太宰治の作品には、「激寒(げきさむ)フレーズ」とでも呼ぶべき、虚しい響きを持った言葉が登場する。

『人間失格』では、しがない漫画家となった主人公・葉蔵の連載作品のタイトル、「キンタさんとオタさんの冒険」が激寒である。冒険物のはずなのに全く格好よくないタイトルだ。「キンタさん」はまだしも「オタさん」とは? そもそも何故、さん付け…?

また、同じく葉蔵の漫画作品「セッカチピンチャン」。彼の幼い娘が、飼い始めた兎のことを「セッカチピンチャンみたいね」と母親に言う場面の内輪ネタ感がなかなか虚しい。兔と戯れる妻子の幸せそうな姿を目にした主人公は、何故かそのまま二人の元を去ってしまう。
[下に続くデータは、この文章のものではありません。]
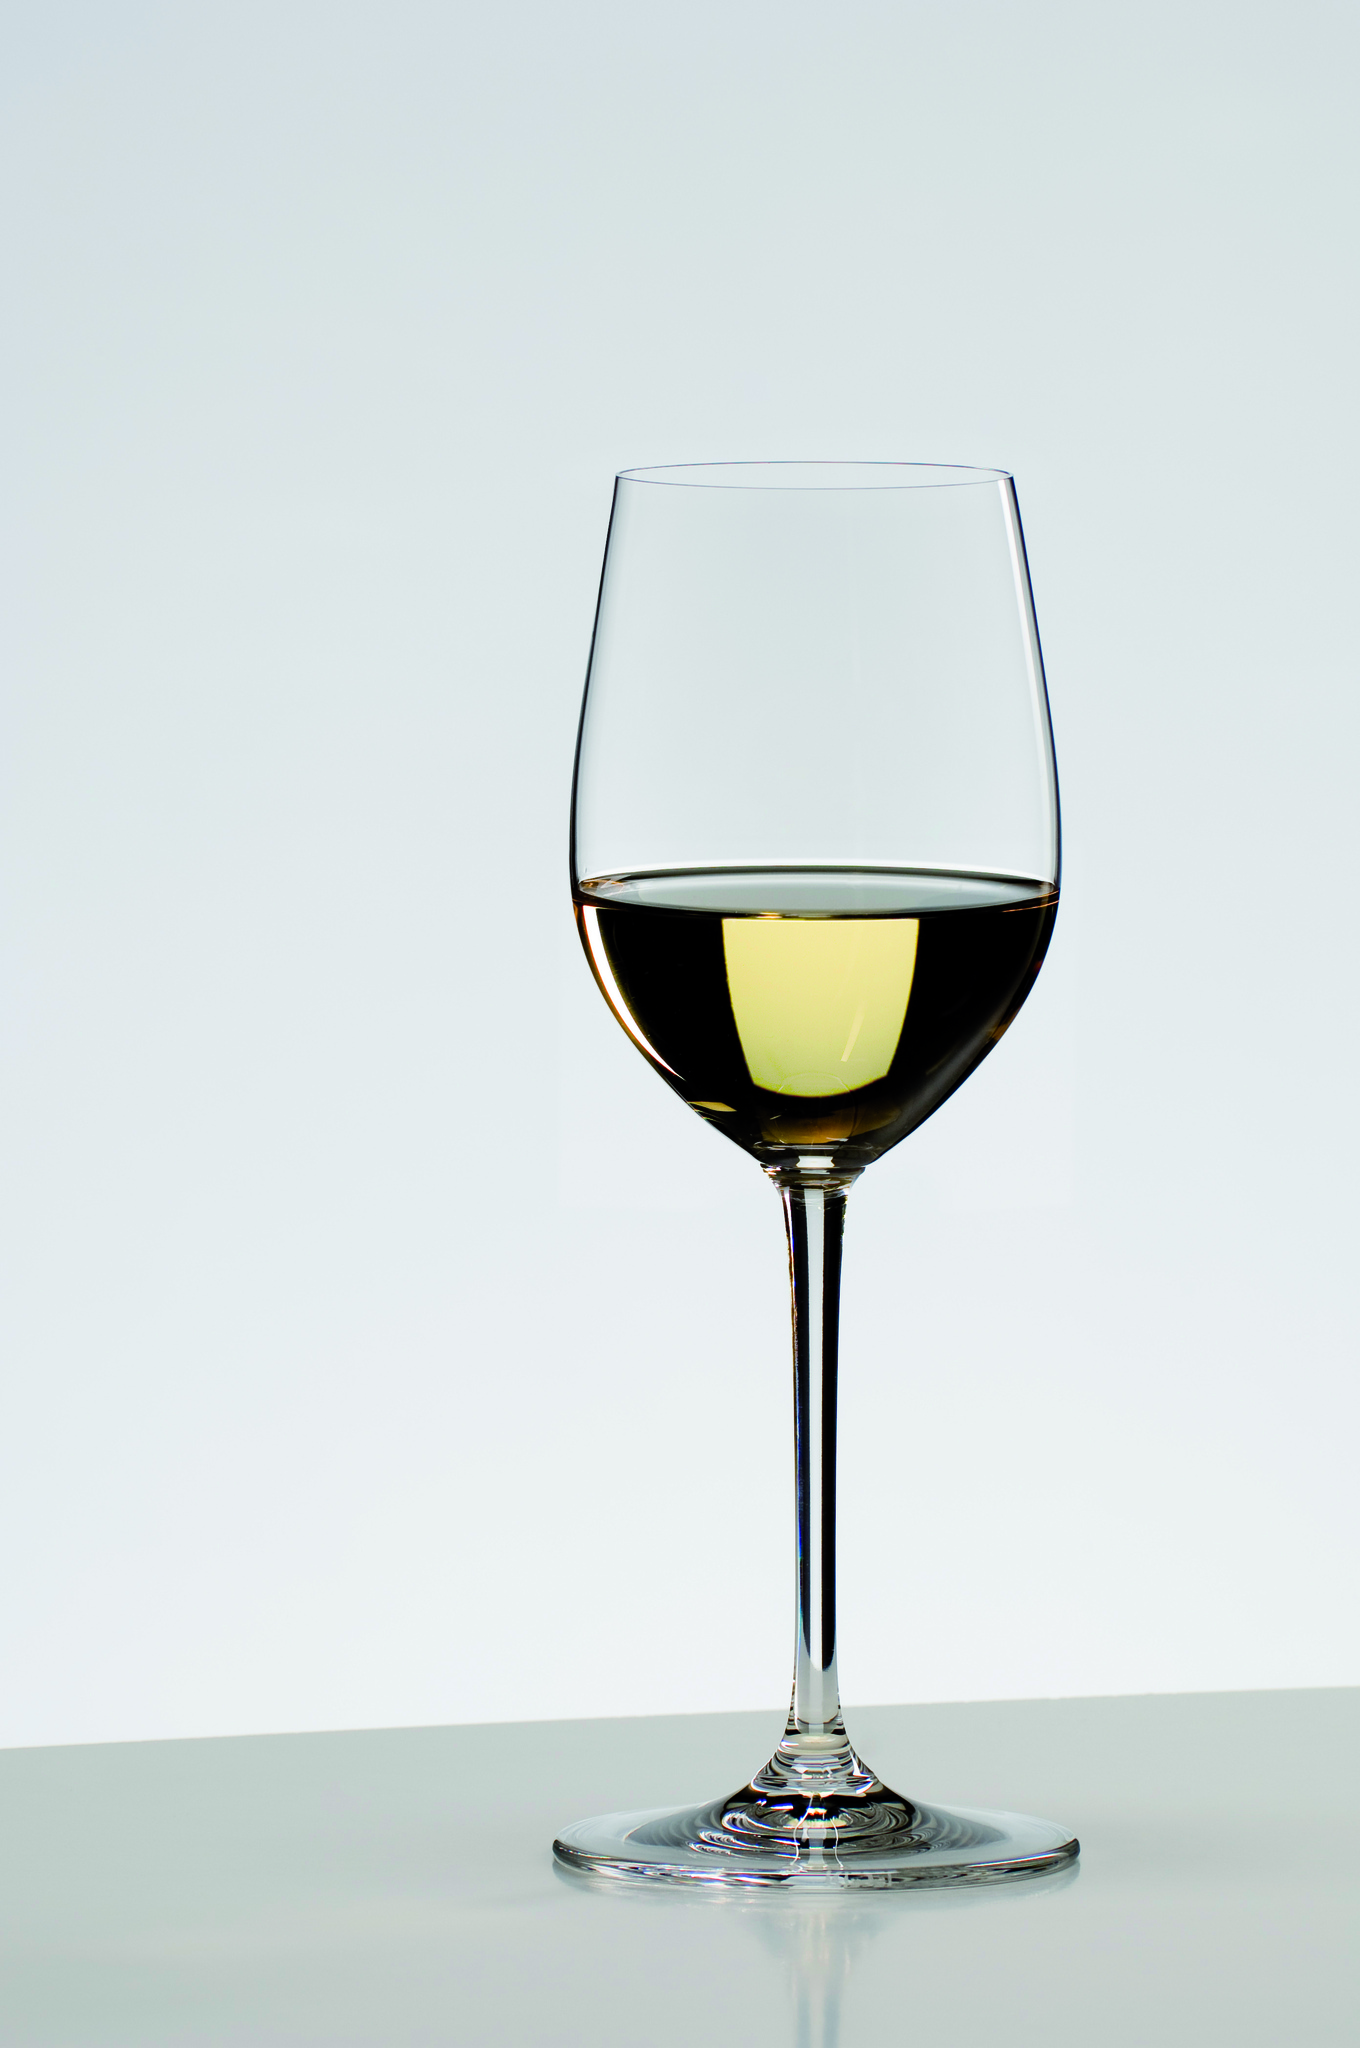 Бокалы Набор бокалов для белого вина 2шт 370мл Riedel Vinum XL Chardonnay/Viognier nabor-bokalov-dlya-belogo-vina-2-sht-370-ml-riedel-vinum-xl-chardonnayviognier-avstriya.jpg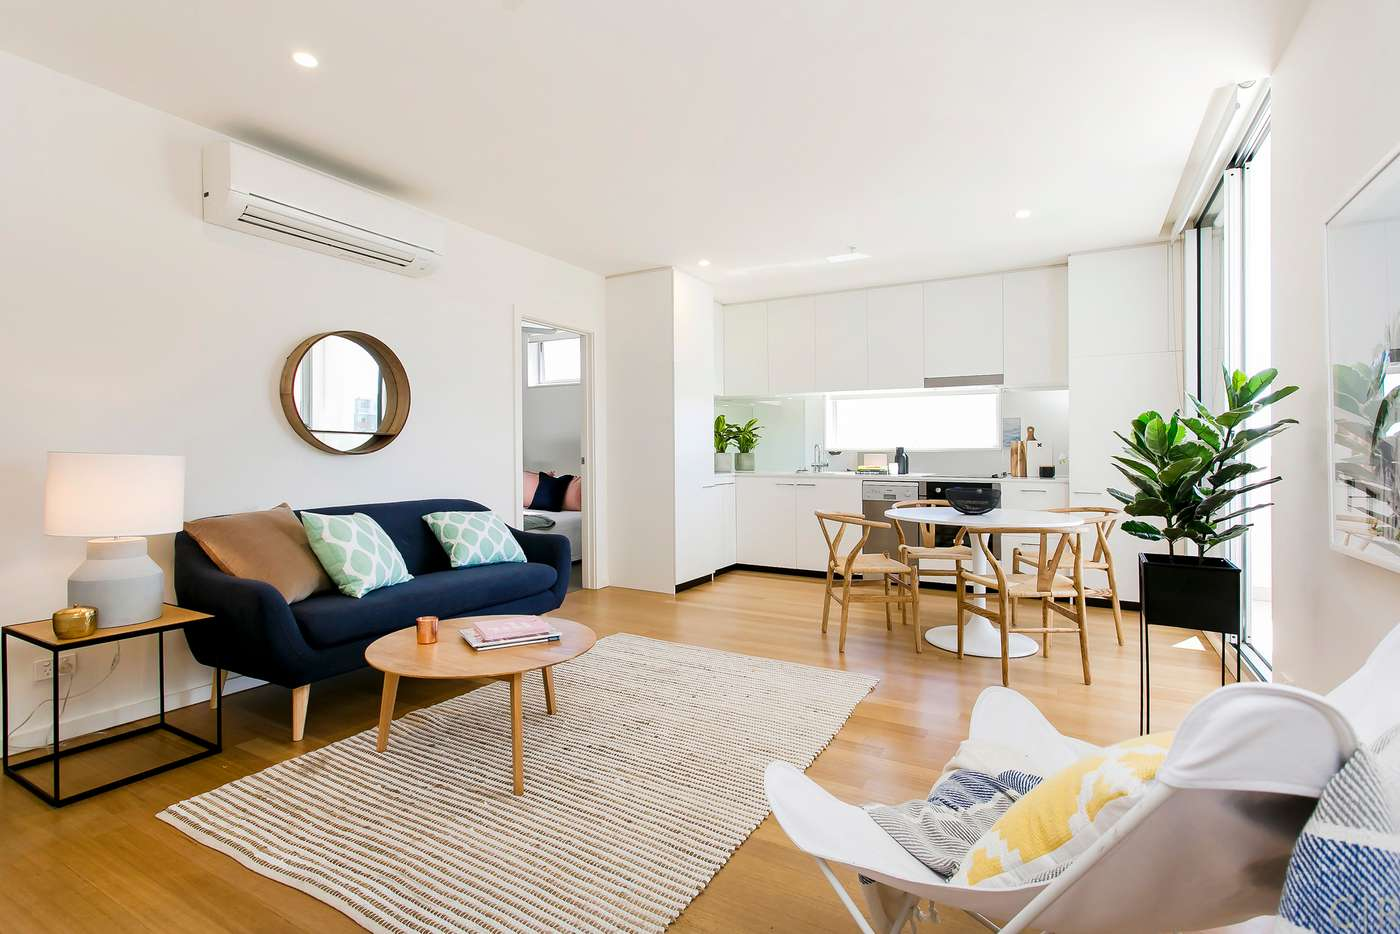 Main view of Homely apartment listing, 404/14 Gilbert Street, Adelaide SA 5000

『斜陽』からは、「ギロチン、ギロチン、シュルシュルシュ」。主人公・かず子が惚れた、妻子持ちの作家が開く飲み会で流行っている謎の掛け声である。人生の落伍者たちの無駄な陽気さが虚しい。「ギロチン」だから、メメント・モリ的な意味もあるのだろうか。「シュルシュルシュ」はギロチンの刃が落ちる音か。縄の音っぽいので、むしろ絞首台? いや、意味など考えても仕方あるまい。

いずれも、激寒すぎて凍ってしまいそうなフレーズである。